This chain is not password spraying, where the attacker tries credentials against accounts at scale. It is not Kerberoasting, where the target is Kerberos service ticket material in Active Directory. It is not normal OAuth device code phishing, where the attacker persuades the user to complete a device-code authorization. Those distinctions matter because telemetry and remediation are different.

For defenders, the point of the chain is to identify durable state. A bad sign-in can be investigated through sign-in logs. A bad consent grant must be investigated through application objects, permission grants, audit logs, and app governance controls.

Detection

No single Microsoft Entra event proves OAuth consent phishing by itself. A legitimate administrator can consent to a legitimate app. A legitimate user can approve a low-risk delegated permission. Detection requires correlation across consent activity, app metadata, permissions, user context, and follow-on API behavior.

Audit Log Pivots

Start with Microsoft Entra audit logs. Microsoft documents these application permission activities in the Core Directory service and ApplicationManagement category:

ActivityWhy it matters
Consent to applicationA user granted consent to an application. Review actor, target app, publisher, permissions, and timing.
Add delegated permission grantA delegated permission grant was added. Review the scopes, client service principal, resource service principal, and consenting user/admin.
Add app role assignment to service principalApp-only access was granted. Treat broad Microsoft Graph or Exchange permissions as high priority.
Remove delegated permission grant / Remove app role assignment from service principalUseful for validating cleanup and detecting repeated re-consent.
Add service principalMay show when a new enterprise application object is instantiated in the tenant. Correlate with consent events.
Set verified publisher / Unset verified publisherHelps track publisher state changes, but it is not a complete trust decision.

Correlation Questions

Use these events as pivots, not as final verdicts. A useful detection pipeline asks:

  • Was the app newly added to the tenant?
  • Is the publisher verified, and does the publisher align with the business purpose?
  • Which permissions were requested, and are they low-risk or high-impact data permissions?
  • Was the actor a normal user, an admin, a break-glass account, or an account outside its normal behavior?
  • Was consent granted shortly after a suspicious sign-in, impossible travel signal, risky user signal, or phishing report?
  • Did the application start calling Microsoft Graph, Exchange, SharePoint, or other APIs in a way that does not match an approved business workflow?
  • Did multiple users authorize the same uncommon application?

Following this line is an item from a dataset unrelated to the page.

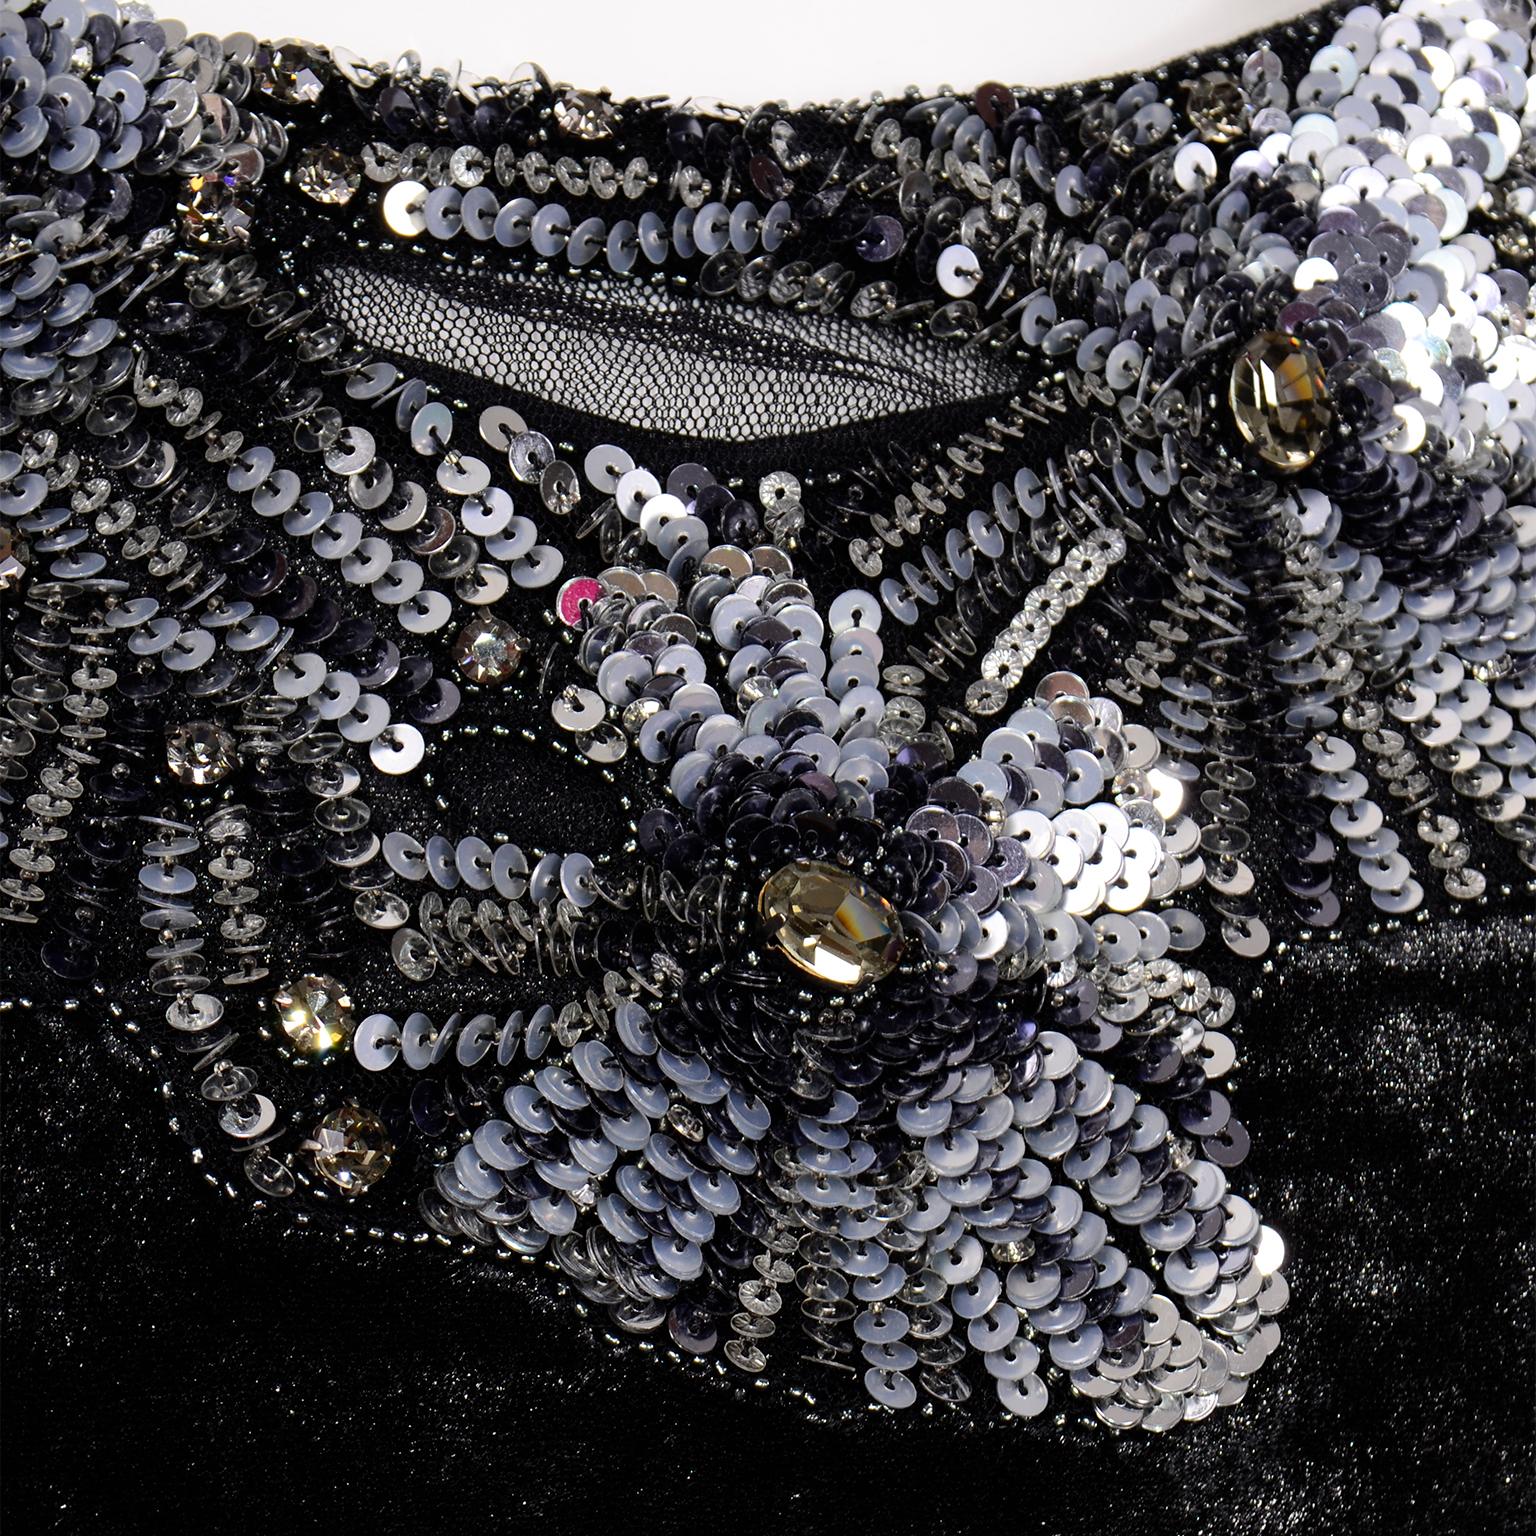 Alberta Ferretti Black Velvet Evening Dress With Sequins and Beads  For Sale 2
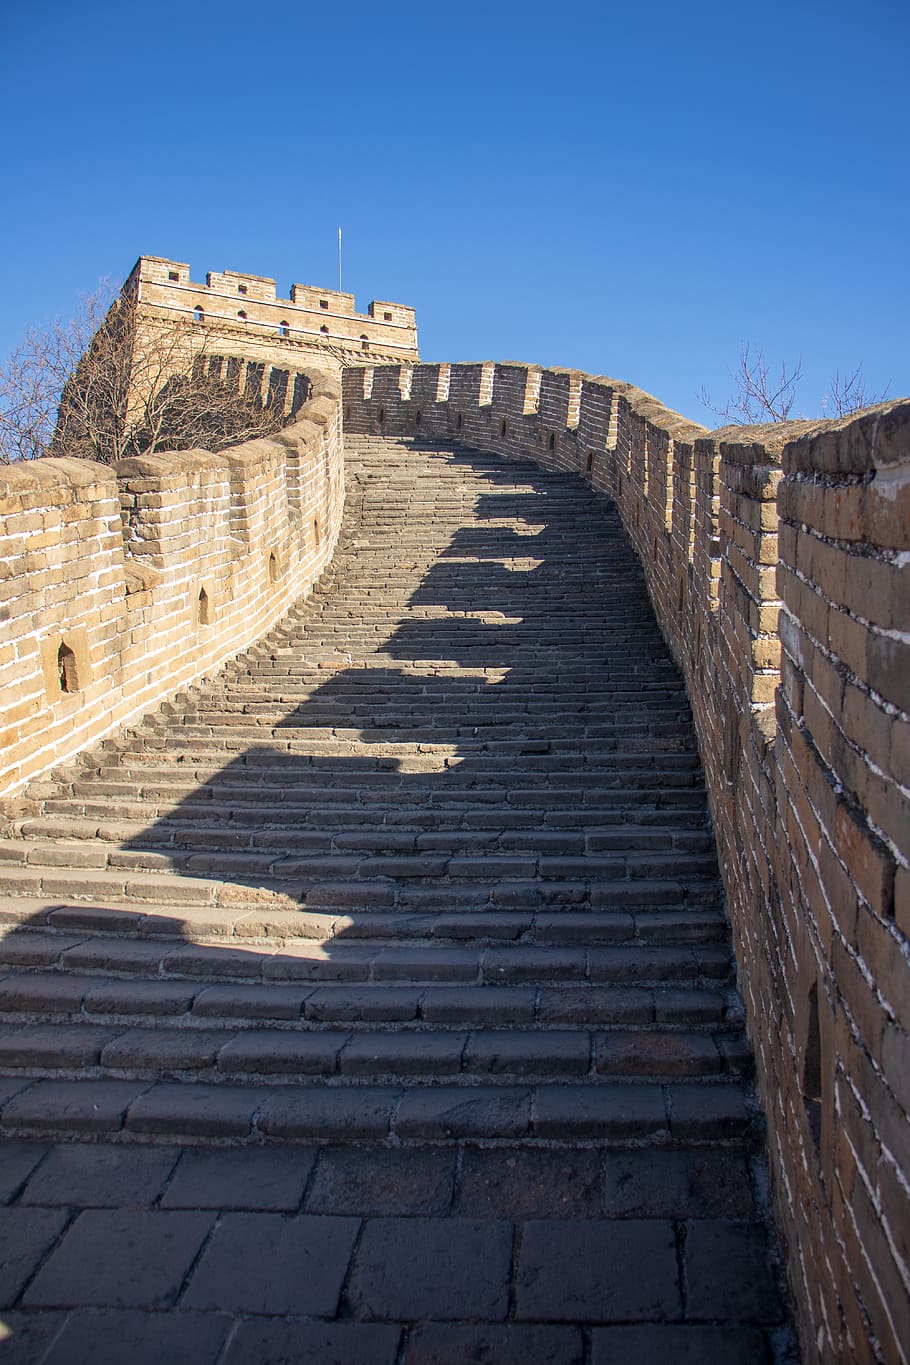 great wall, china, wall, landmark, building, architecture, ancient, famous, mountains, historically

Defender for Cloud Apps can add another layer where it is available. Microsoft documents OAuth app policies that can alert on apps matching criteria such as high permission level, many authorizing users, uncommon usage, misleading names, misleading publisher names, or potentially malicious OAuth app consent. Treat those alerts as prioritization signals and still inspect the underlying service principal and grants.

A mature detection also watches governance drift. If user consent settings are relaxed, app consent policies are changed, or admin consent workflow reviewers are removed, the tenant becomes easier to abuse. Those changes are not evidence of a malicious app by themselves, but they lower the control strength around future consent requests. Pair this monitoring with How to Audit Microsoft Entra ID Security so app consent is reviewed with Conditional Access, privileged roles, risky users, and tenant-wide identity settings.

For hybrid investigations, keep the boundary clear: this article focuses on Entra audit activity, but Active Directory Monitoring: Security Event IDs That Matter can help incident responders correlate on-premises identity activity when the same user or admin account is involved.

Remediation

Remediation has two tracks: remove the confirmed malicious access, then close the consent path that allowed it.

Remove Existing Grants

First, identify the application object and service principal in Enterprise Applications. Review the Admin consent and User consent tabs for granted permissions. Microsoft documents that admins can revoke organization-wide permissions in the Admin consent tab, while user consent grants may need Microsoft Graph API or PowerShell for removal. For complete cleanup, enumerate both delegated permissions and application permissions.

For delegated permissions, remove suspicious OAuth2PermissionGrant objects. For application permissions, remove suspicious appRoleAssignment entries. Microsoft's permission review documentation provides Graph and PowerShell paths for both cases. If users or groups were assigned to the application, review and remove those assignments as part of containment.

Contain the Service Principal

Second, disable or remove the service principal when the application is confirmed malicious or unauthorized. Be careful with applications that have both suspicious and legitimate usage; removing a service principal can break business workflows. If Microsoft has disabled an OAuth application for violating service terms, Microsoft documents that new token requests and refresh token requests are denied, but existing access tokens remain valid until expiration. That is why responders should not rely on one action alone.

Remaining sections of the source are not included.